Sunday 18 September 2011

The anatomy of phobias.

The learning theory states that phobias become ingrained due to conditioning experiences, you know, like Pavlov’s dog. A bell was rung and the dog was given food. The dog associated the bell with food. This was continually reinforced, till the dog began to anticipate the food. Each time the bell rang, the dog began to salivate. It learnt the association. This is one of the myriad of theories that tries to explain how we develop phobias. A case in point...I am scared of spiders. When I was about 19, a spider put its little spidery leg in my mouth as I slept. It took a few seconds for me to wake up, but I never forgot the absolute horror I felt at almost swallowing a stupid spider. Oh, it wasn’t a daddy-long legs, it was one those more robust beasts, slightly hairy too. An association started to form, and what followed was a state of research...I googled all circumstances in which spiders had killed people. I re-watched arachnophobia, and then I became hyper-vigilant. I would spot spiders that were running away from me, trying to hide. I would chase them down into dark tunnels and deserted rooms, just so I could point out the spider. And then I would be scared. I would return to hiding, shaking in a corner, because I had spotted a spider. I graduated from this ‘vigilante’ state to an avoidance state. So if I had spotted a spider somewhere innocuous at any point in the past, it would be an excuse not to go to that place. I would avoid rooms in the house, certain shoes that looked like they could hide spiders (don’t ask me what that looks like; you’ll know it when you see it) and generally putting my feet on the floor. My simple fear was starting to resemble a phobia. It’s better now, though I still occasionally conjure up spidery images...and scare myself silly though there’s nothing there.

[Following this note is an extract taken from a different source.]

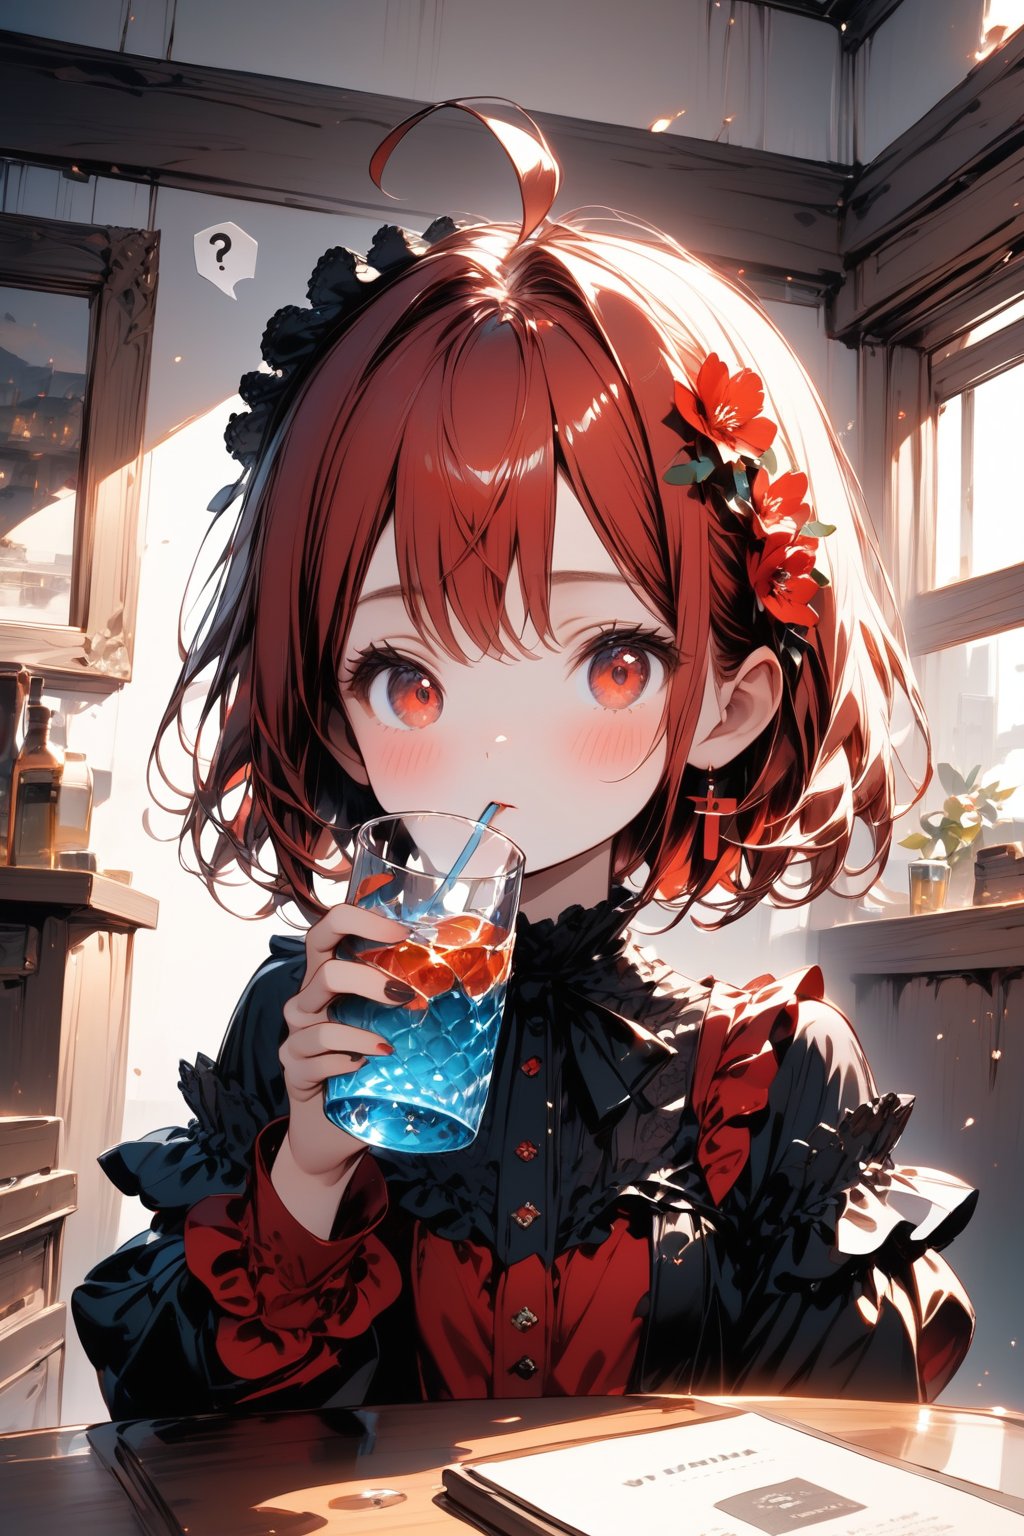 //quality, masterpiece:1.4, detailed:1.4, best quality:1.4,//,1girl,solo,//,red hair,short hair,ahoge,sidelocks,beautiful detailed eyes,glowing eyes,red eyes,//,hair_flowers,(bee_wings),black gothic_lolita,//,blush,expressionless,speech_balloon, (spoken_question_mark),?,??,//,(standing), drinking, drinking_glass,glass of (water),(holding glass of water),//,indoors,room,western style house,Details,Detailed Masterpiece,Deformed, close-up portrait

The whole point of this pre-amble is that I started to think that perhaps there are some phobias that we need to learn, for example, the phobia of the arsehole. That guy or girl that uses you for even less than your worth, and then tosses you away like a bit of 1 ply toilet paper, not even recyclable. You need to make a point to remember these people, to research their characters and whatever the hell it is that attracts you to that damage and then become hyper-vigilant, looking for said associations (character and behaviour). Then you need to develop the old avoidance techniques. Run like the plague is chasing you after lopping off Bolt’s pins and attaching them to its own body. Run very very very fast in the opposite compass direction. Keep running till the person is now a dot behind you, and then run some more.

If it works, you’ll become phobic of rubbish, and might spare yourself quite a lot of nonsense. I’ll let you know how it works for me. At first glance though, I feel its failsafe. In fact, I feel I might be able to extrapolate this to my fear of Facebook, limited intelligence, rubbish jobs etc. I am getting really excited about the prospects now...

In other news, I’ll be home in like 5 days. There is a God after all.